En France, le football à la télévision fut longtemps cantonné à une seule chaîne, de service public (la RTF, puis ORTF en 1964). En 1961 les dirigeants du football français signent un protocole autorisant la télévision à retransmettre des matches en direct, mais leur diffusion reste rare. La télévision, en effet, n’allait-elle pas vider les stades ? Il fallait se contenter alors des rencontres disputées par l’équipe de France -et pas toutes-, de quelques grands événements comme la Coupe du monde ou la Coupe d’Europe des clubs champions, d’une poignée de rencontres de Championnat de France (et pas les meilleures), généralement diffusées en différé et en partie seulement : la deuxième mi-temps. Il arrivait aussi que l’on « occulte » la région du match, où celui-ci n’était donc pas retransmis.

Le grand tournant eut lieu en 1984, avec la création de Canal +. La chaîne à péage acheta les droits du Championnat de France, et pour ceux qui s’abonnèrent, une certaine abondance succéda à la rareté, pour le prix mensuel d’une place de tribune au stade. Des matches de Championnat et de Coupe d’Angleterre firent leur apparition, en intégralité ou en larges extraits présentés dans les magazines de la chaîne, comme L’Equipe du dimanche. Une nouvelle relation économique au football naissait, et une philosophie différente de l’offre. Abonnement, cryptage, et plus tard paiement à la séance : c’est vers la télévision à la carte que Canal + nous emmenait, et de cette télévision-là, le football était, avec le cinéma, le moteur. Il prit donc son envol sur « Canal  » le 7 novembre 1984, avec un Nantes-Monaco et cinq caméras. Pendant plusieurs années, sous la direction de Charles Biétry et porté par l’inspiration de réalisateurs comme Jean-Paul Jaud, la nouvelle chaîne allait marquer de son empreinte le sport télévisé en France.
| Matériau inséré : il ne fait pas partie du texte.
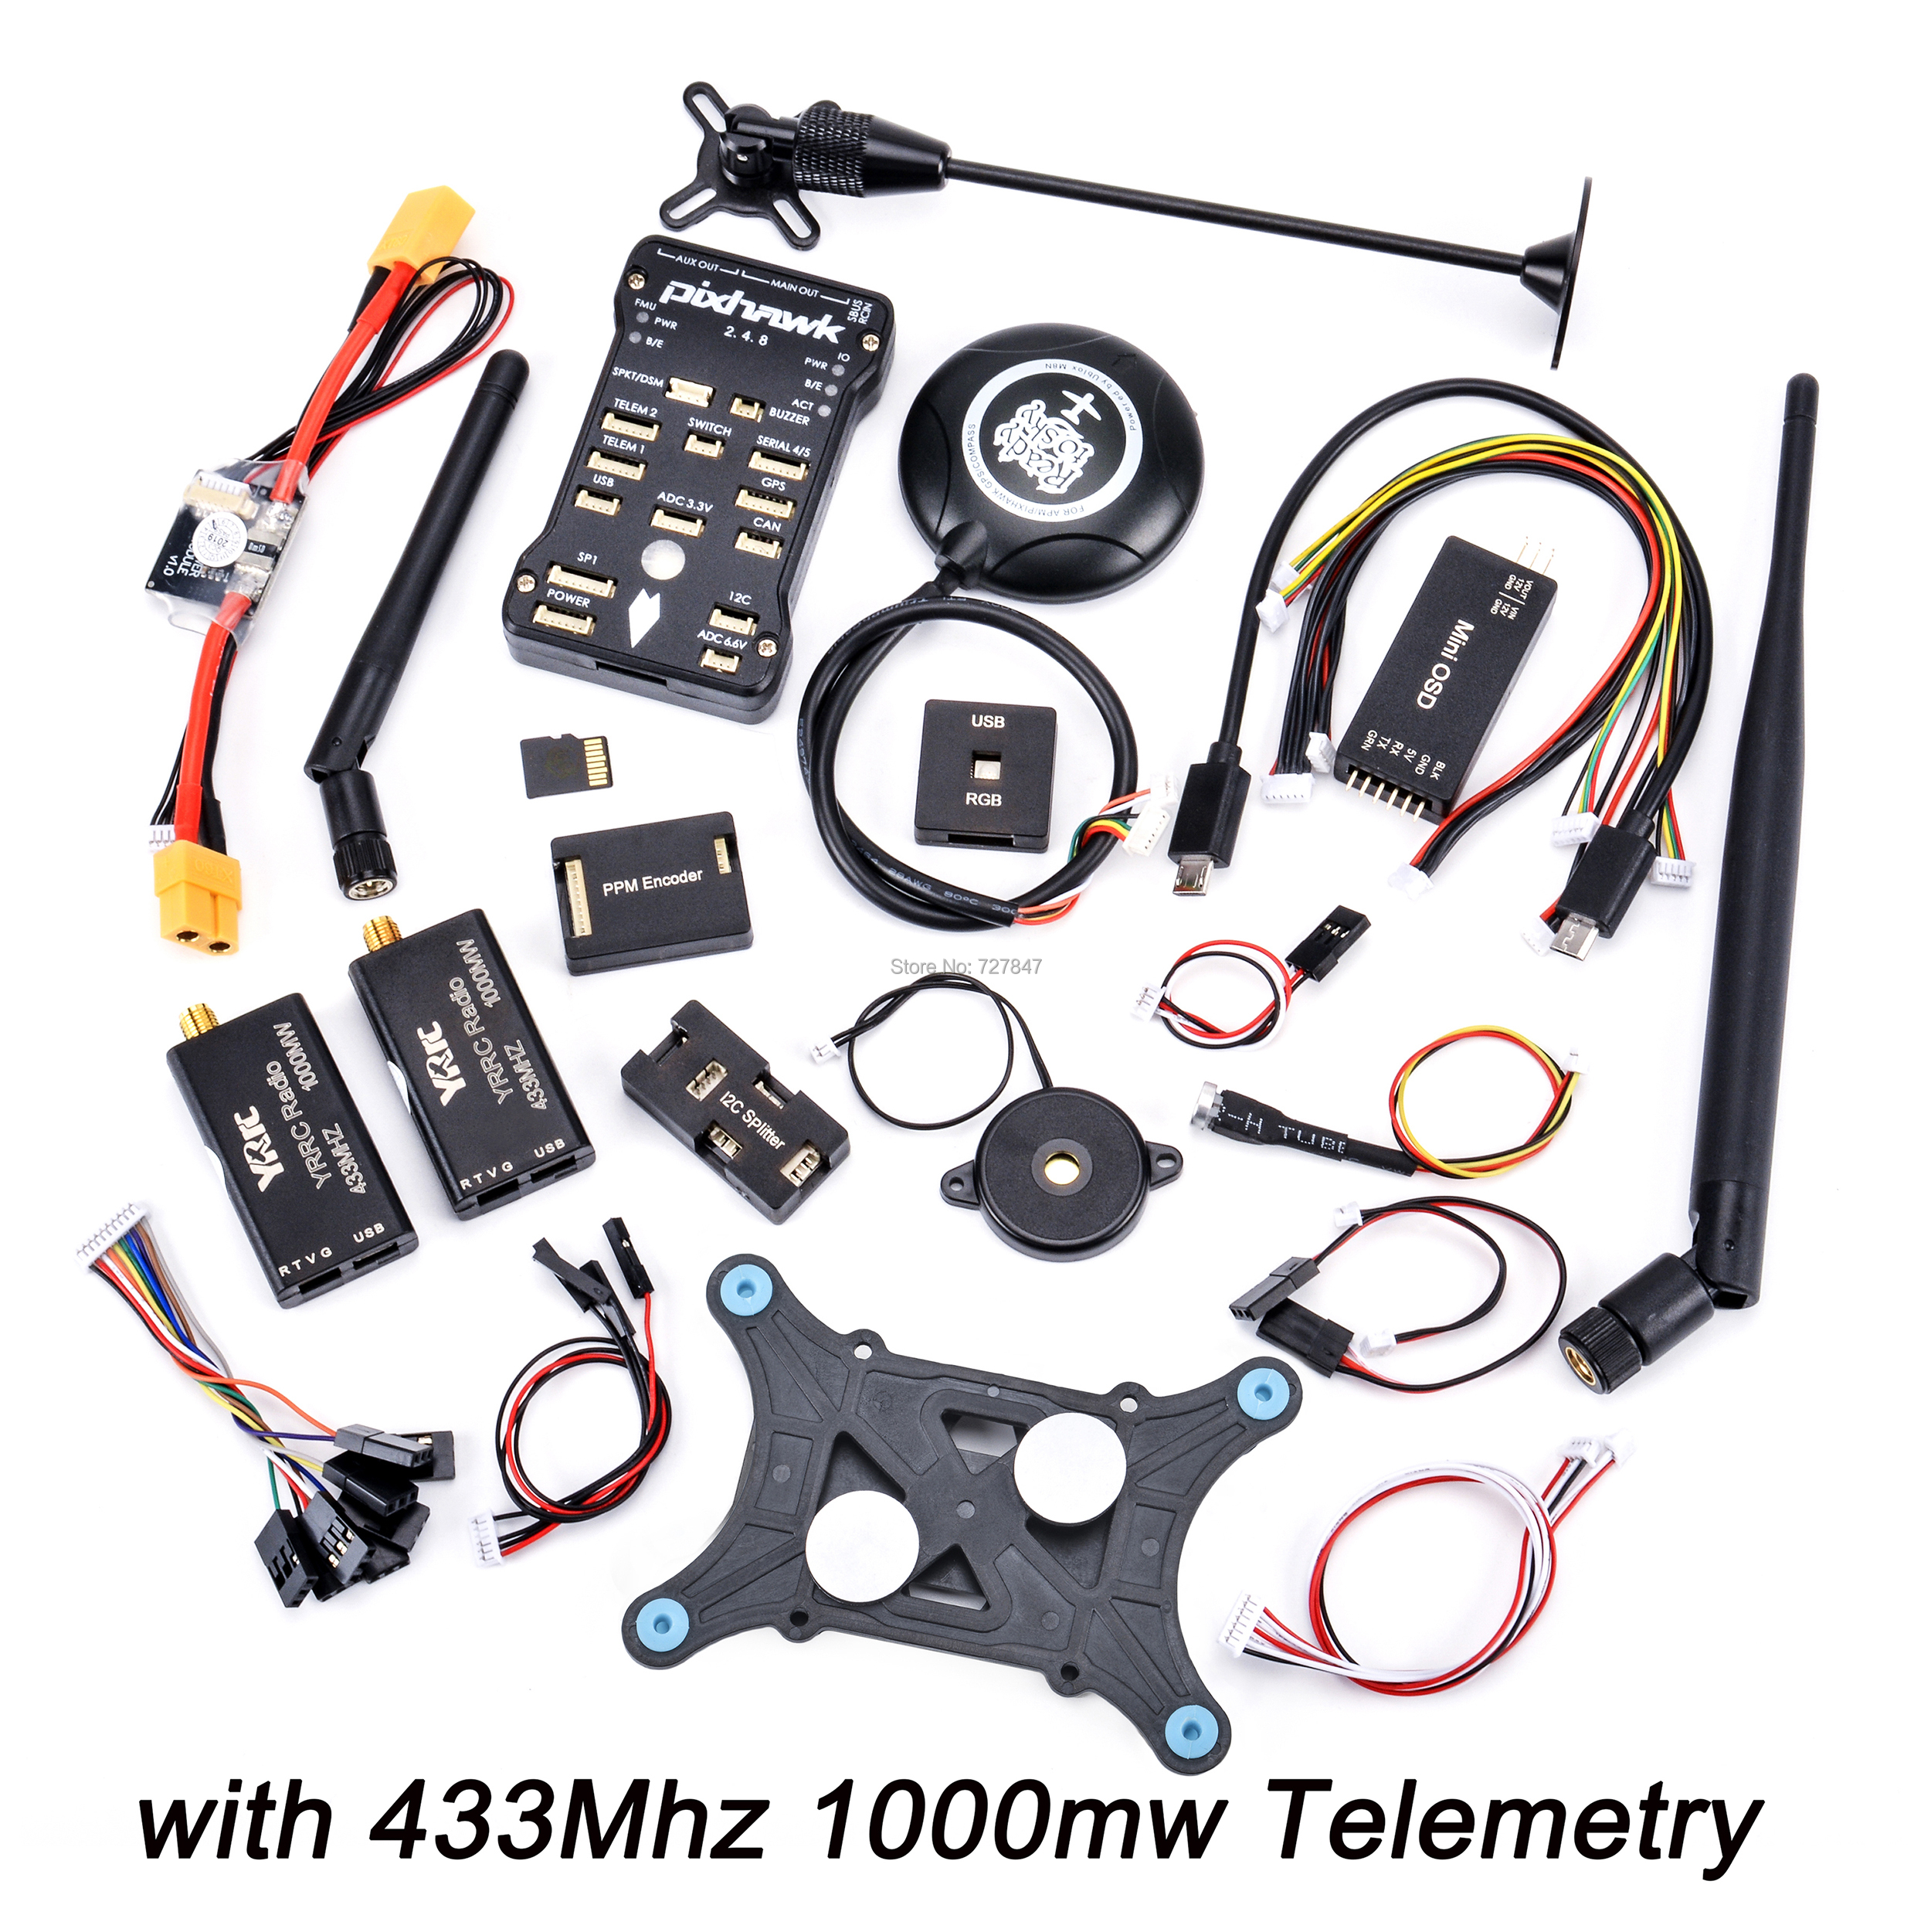 Pixhawk PX4 PIX 2.4.8 32 Bit Flight Controller + 433 / 915 Telemetry+M8N GPS+Minim OSD+PM+Safety Switch+Buzzer+PPM+I2C+ 4G SD

Combien d’heures le football occupe-t-il chaque année sur les écrans ? Selon les chiffres du Conseil Supérieur de l’Audiovisuel (CSA), et en prenant en compte Canal + (soit : TF1, France 2, France 3, Canal + et M6) l’offre en matches de football sur les chaînes hertziennes s’élevait en 2005 à 400 heures, soit 32% des retransmissions. Le tennis venait derrière, avec 190 heures. Si l’on ne considère que les chaînes nationales en clair (donc sans Canal +), c’est même le tennis qui vient de peu en tête, avec 131 heures contre 111 (Source : CSA) [14]. A noter qu’en 2004, l’offre de foot et sa prééminence sur les autres sports étaient plus importantes encore (et elles le seront aussi en 2006) : en effet, les années paires sont celles des grandes compétitions, Euro et Mondial. Le foot, alors, envahit les écrans. Les années impaires sont moins pourvues, ce qui n’empêche pas le ballon rond d’y rester nettement le premier sport télévisé, surtout si l’on comptabilise les nombreuses heures de football des chaînes du câble et du satellite.

Le football n’est donc plus en 2006 cette rare aubaine que ses fans attendaient dans un océan de frustration. Ce n’est plus la question de la rareté qui se pose aujourd’hui mais celle de la saturation ! Le sport-roi ne s’est-il pas banalisé ? Le journaliste Didier Braun souligne : « En France, avant la naissance de Canal + en 1984, moins de trente matches étaient diffusés par an, sauf les années de Coupe du monde. En 2005, le téléspectateur « câblé » se voit couramment proposer une quarantaine de rencontres en direct par semaine !  », soit plus qu’en un an dans les années 60... (L’Equipe, 30 décembre 2005).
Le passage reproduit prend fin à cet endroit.